Pictures are not repeated. Every line from the beginning of the entries through the one with "The black cinder" is restated exactly.

*** RECORDED DATA ***

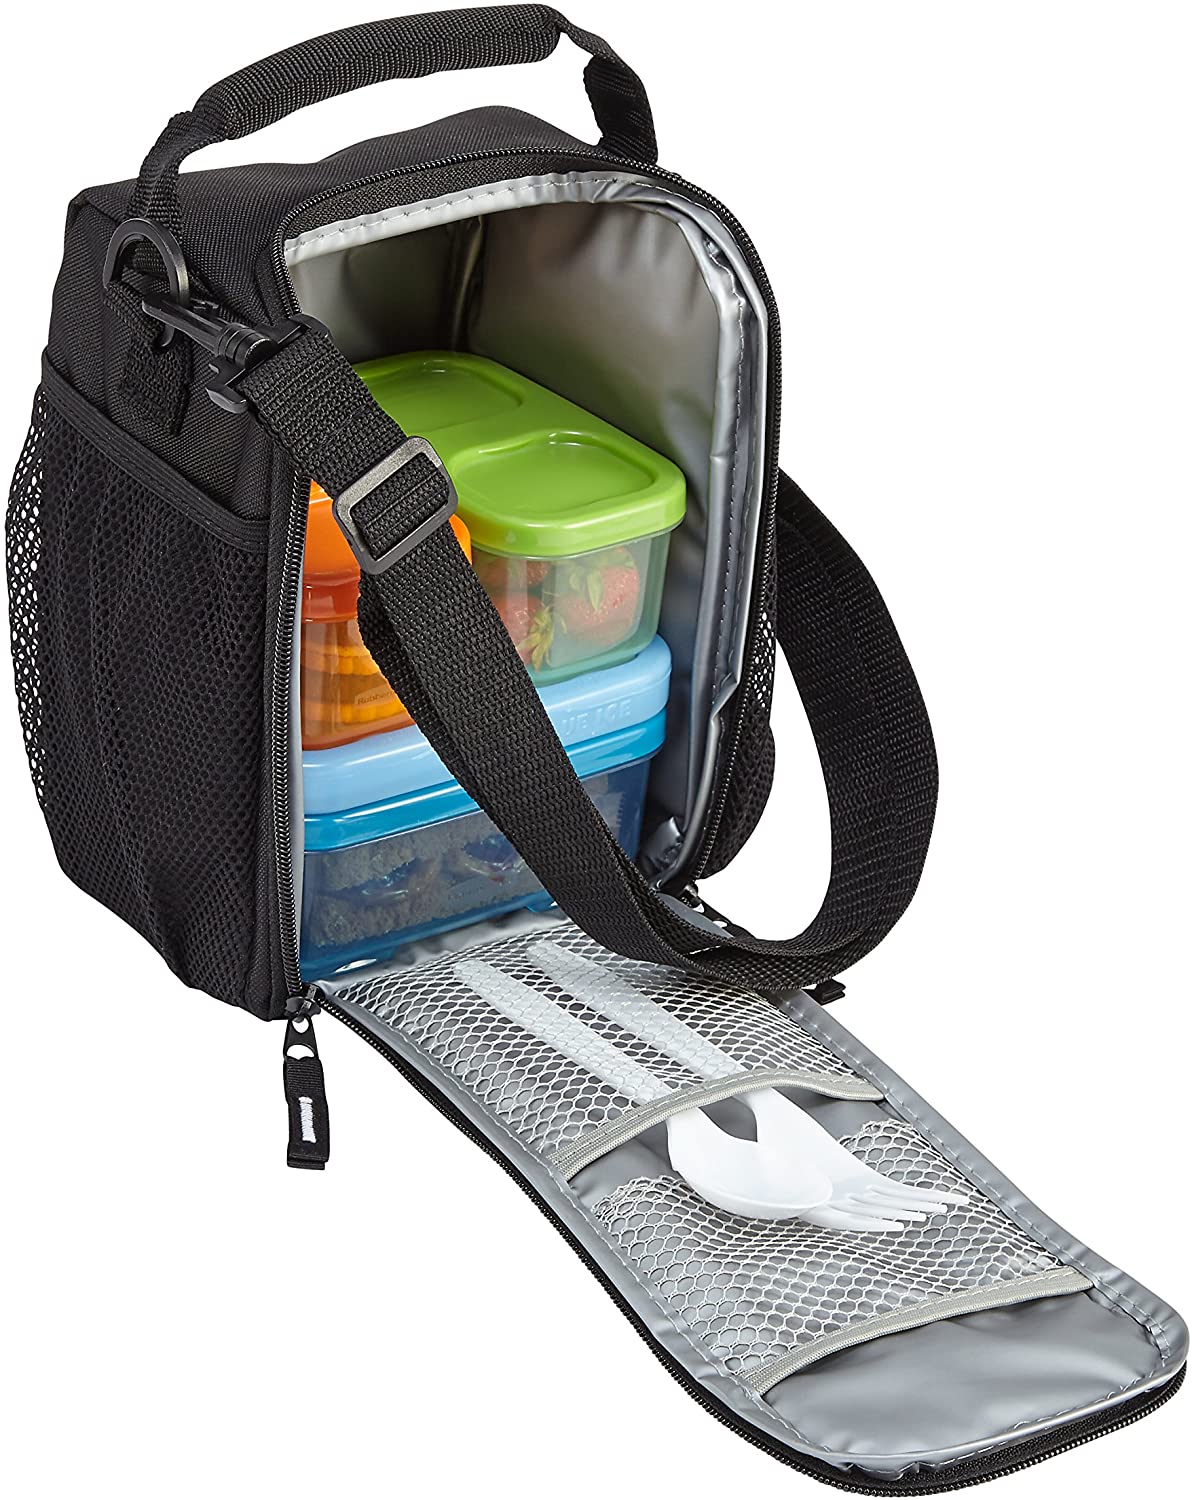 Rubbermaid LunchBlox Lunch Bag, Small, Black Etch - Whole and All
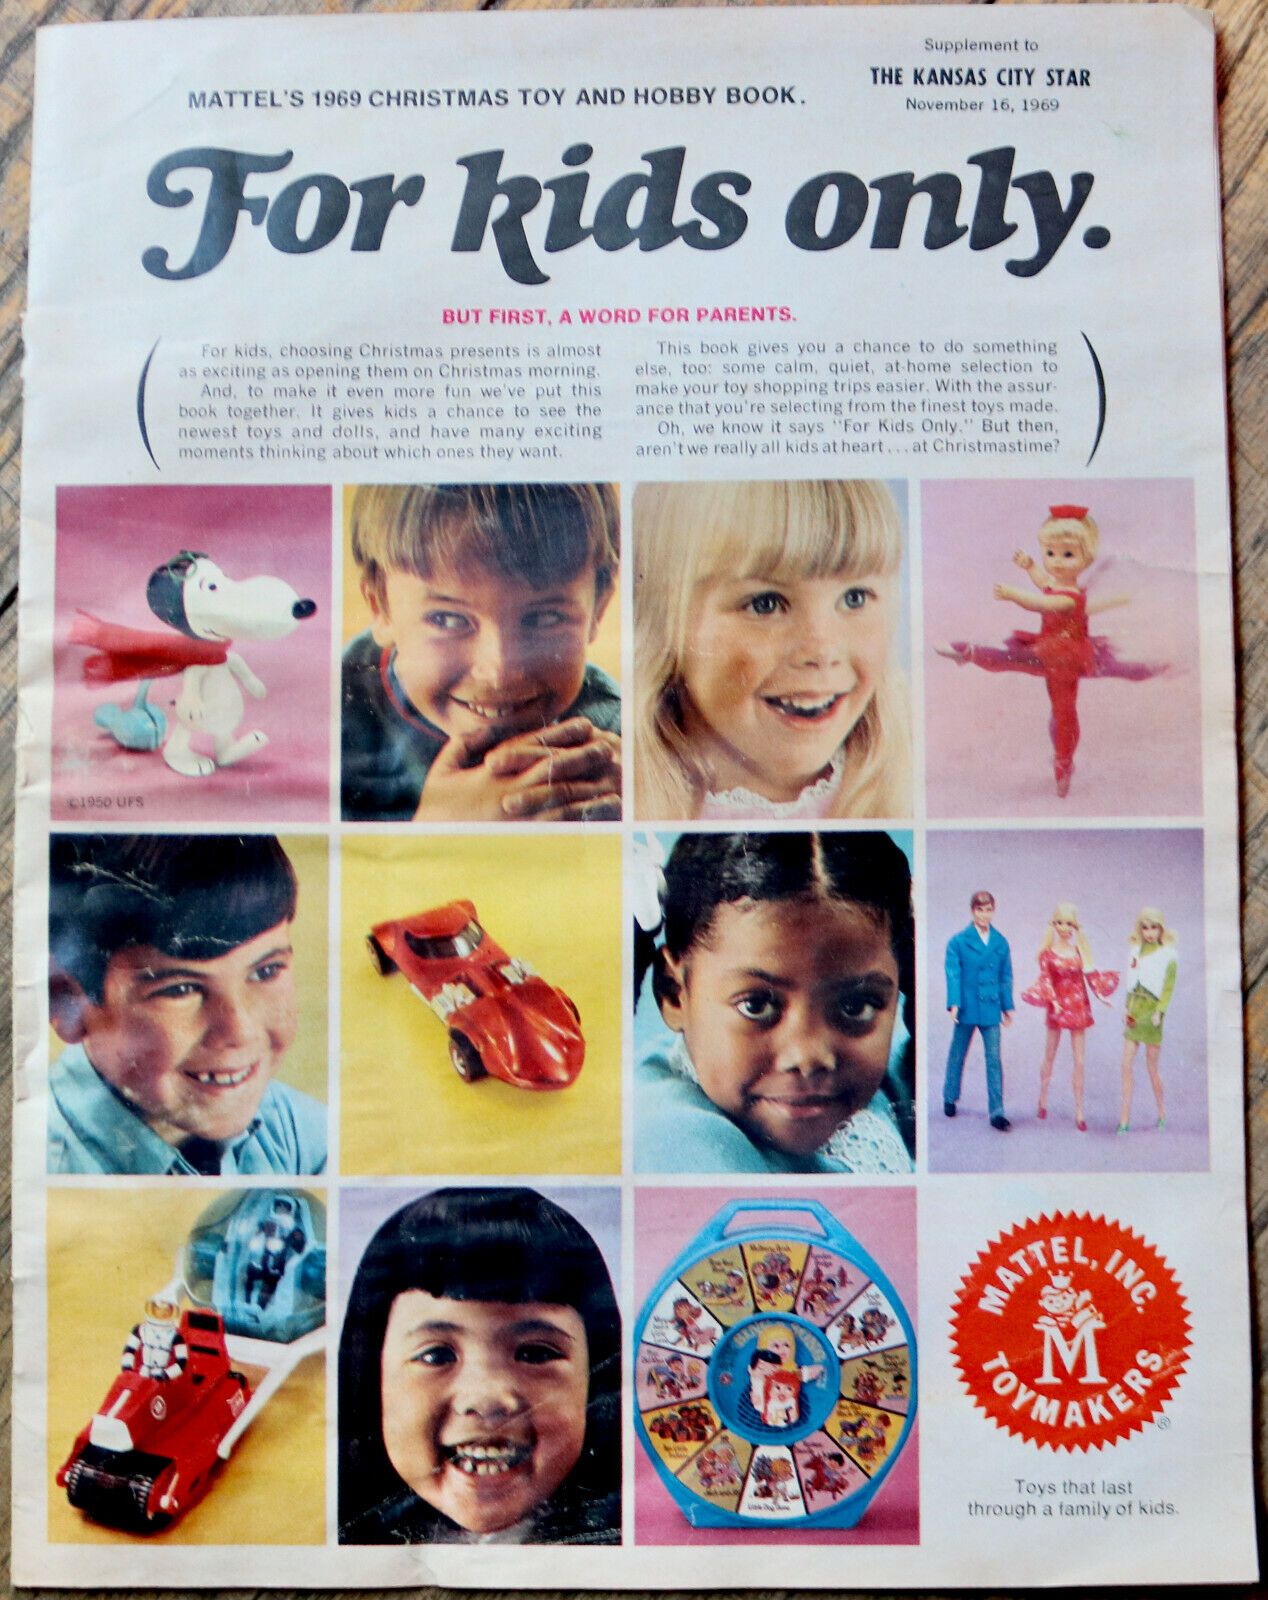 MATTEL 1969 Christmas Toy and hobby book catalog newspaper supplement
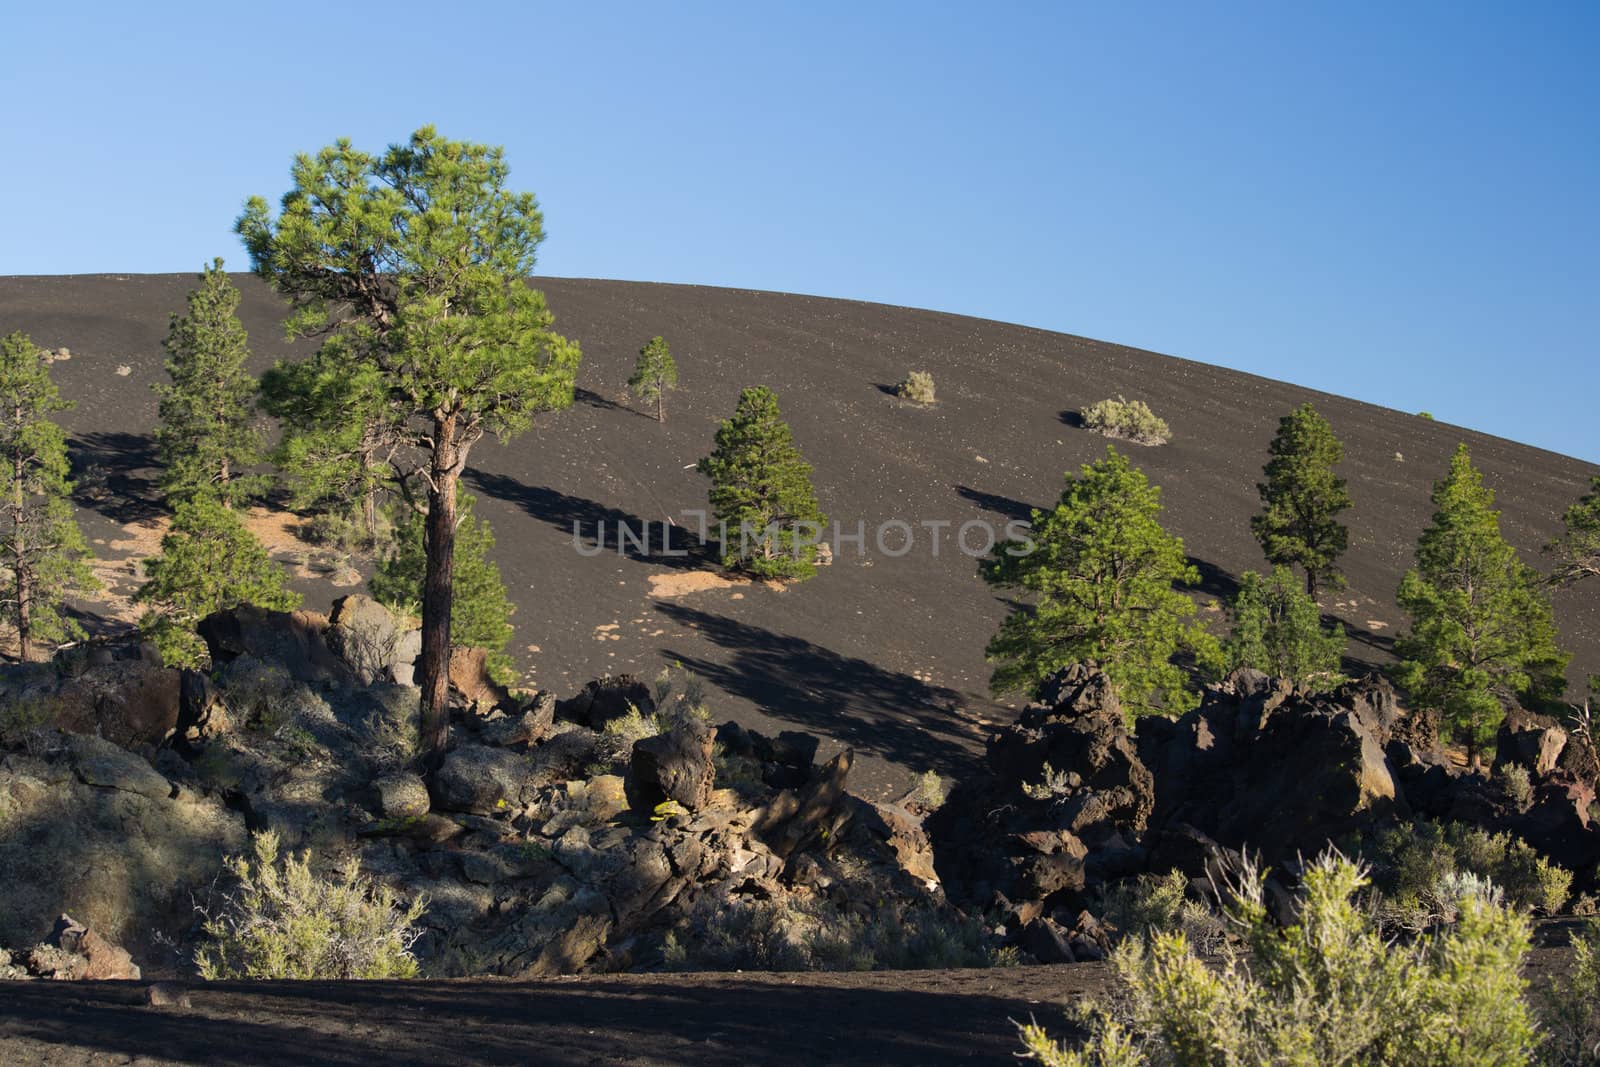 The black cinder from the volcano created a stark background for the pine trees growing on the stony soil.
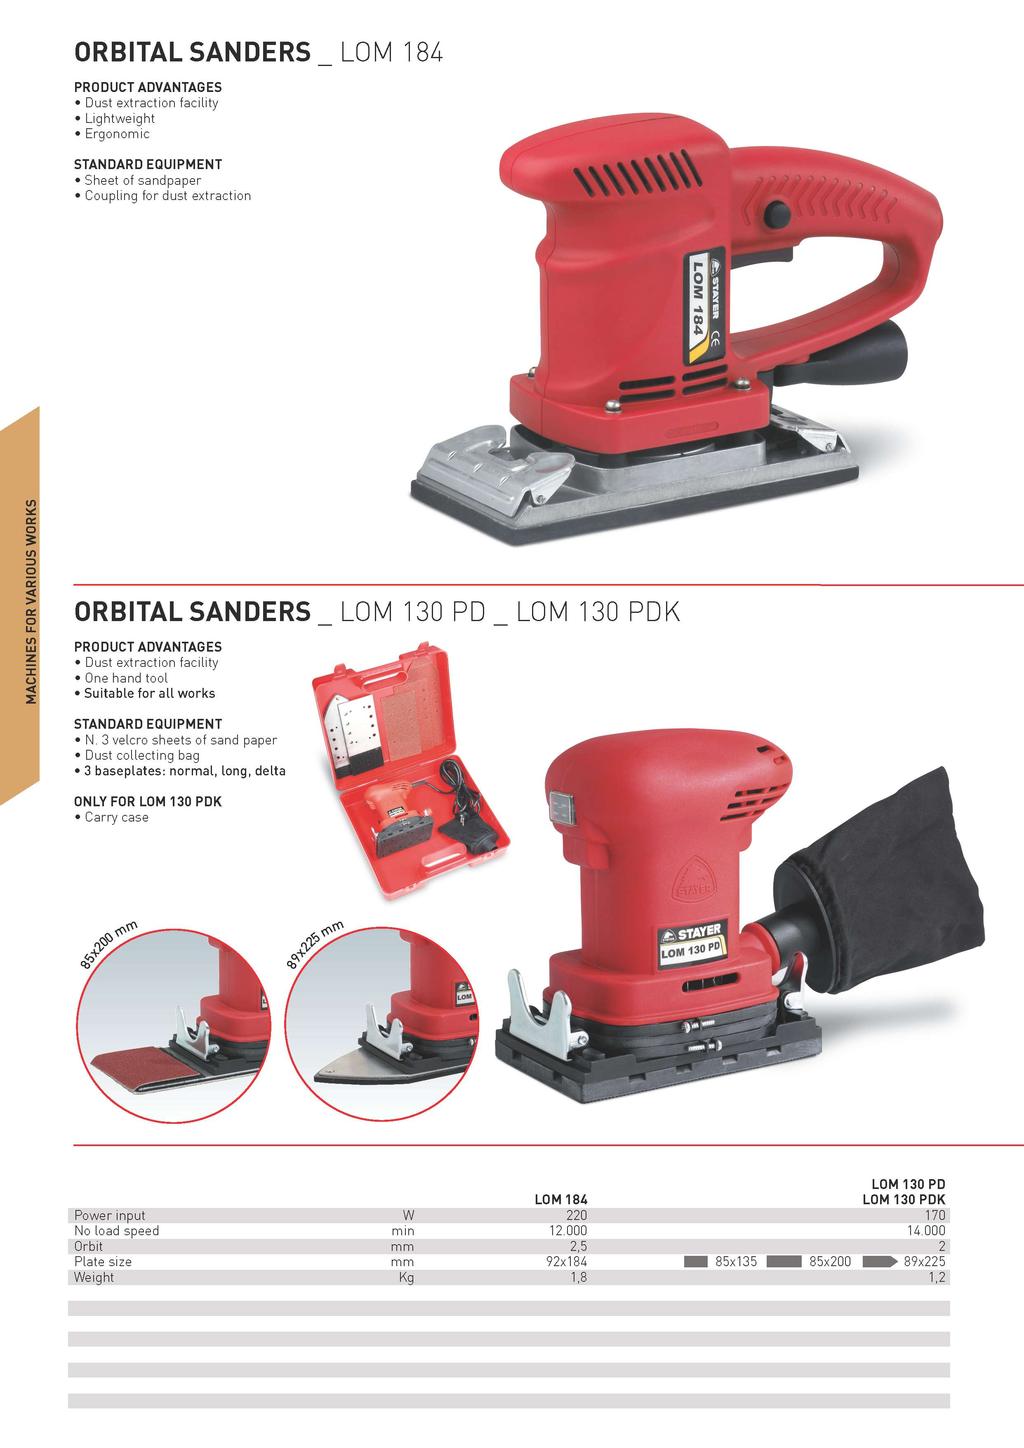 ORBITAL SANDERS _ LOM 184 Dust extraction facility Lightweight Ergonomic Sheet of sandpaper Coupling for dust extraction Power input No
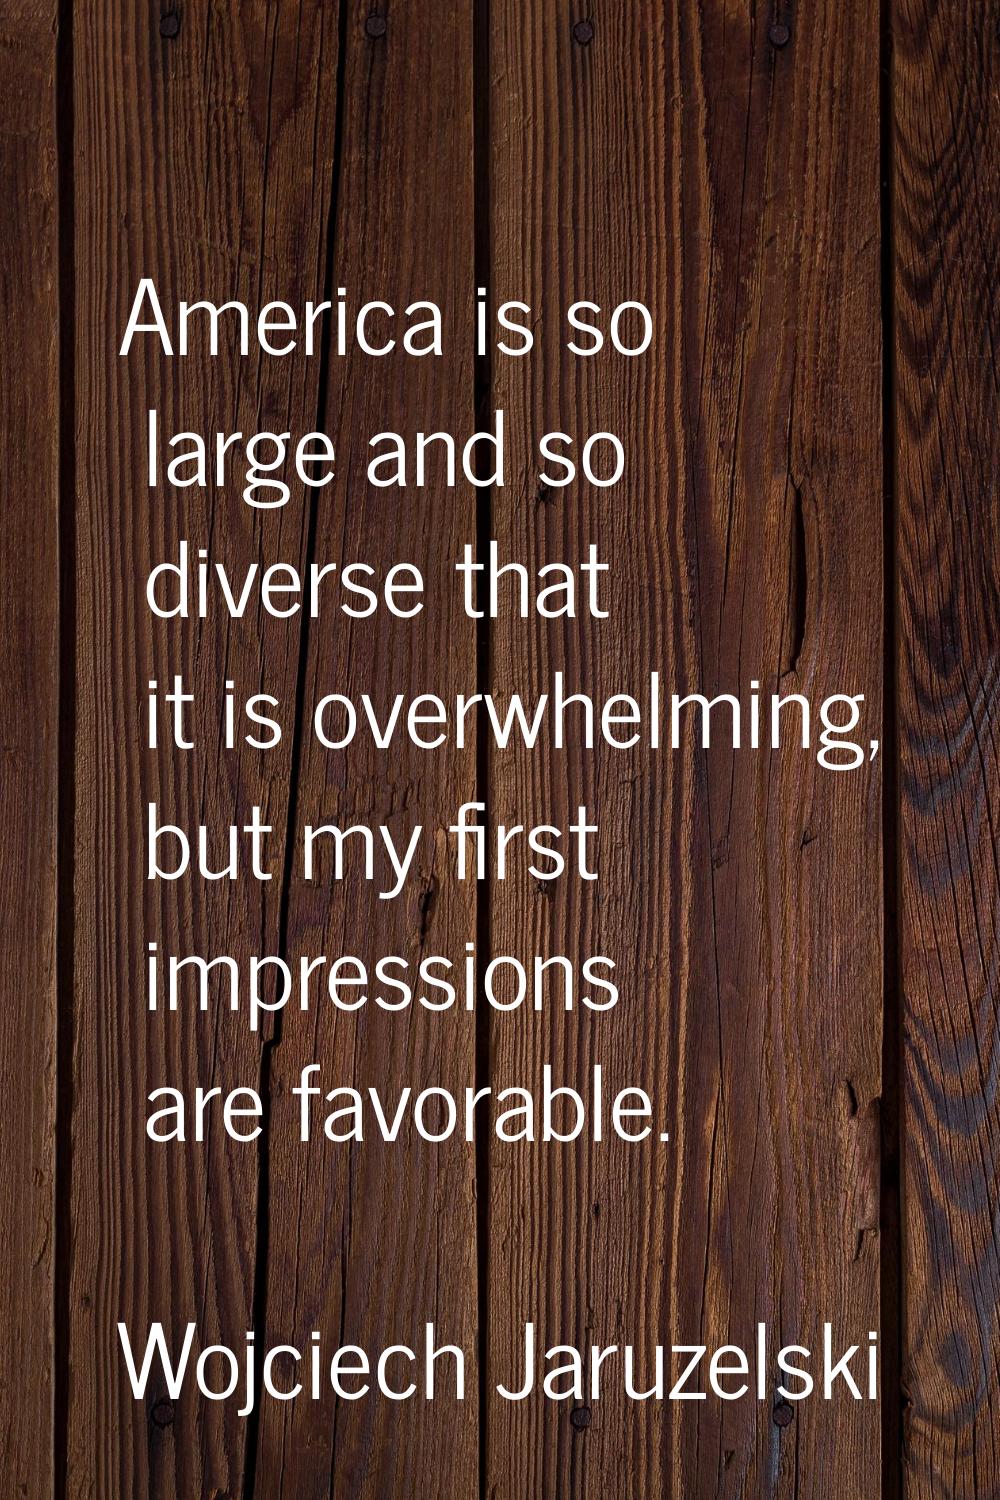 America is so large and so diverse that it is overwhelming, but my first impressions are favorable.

*** End of RECORDED DATA ***

RESULT OF THIS TASK:
 Rubbermaid LunchBlox Lunch Bag, Small, Black Etch - Whole and All
 MATTEL 1969 Christmas Toy and hobby book catalog newspaper supplement
 The black cinder from the volcano created a stark background for the pine trees growing on the stony soil.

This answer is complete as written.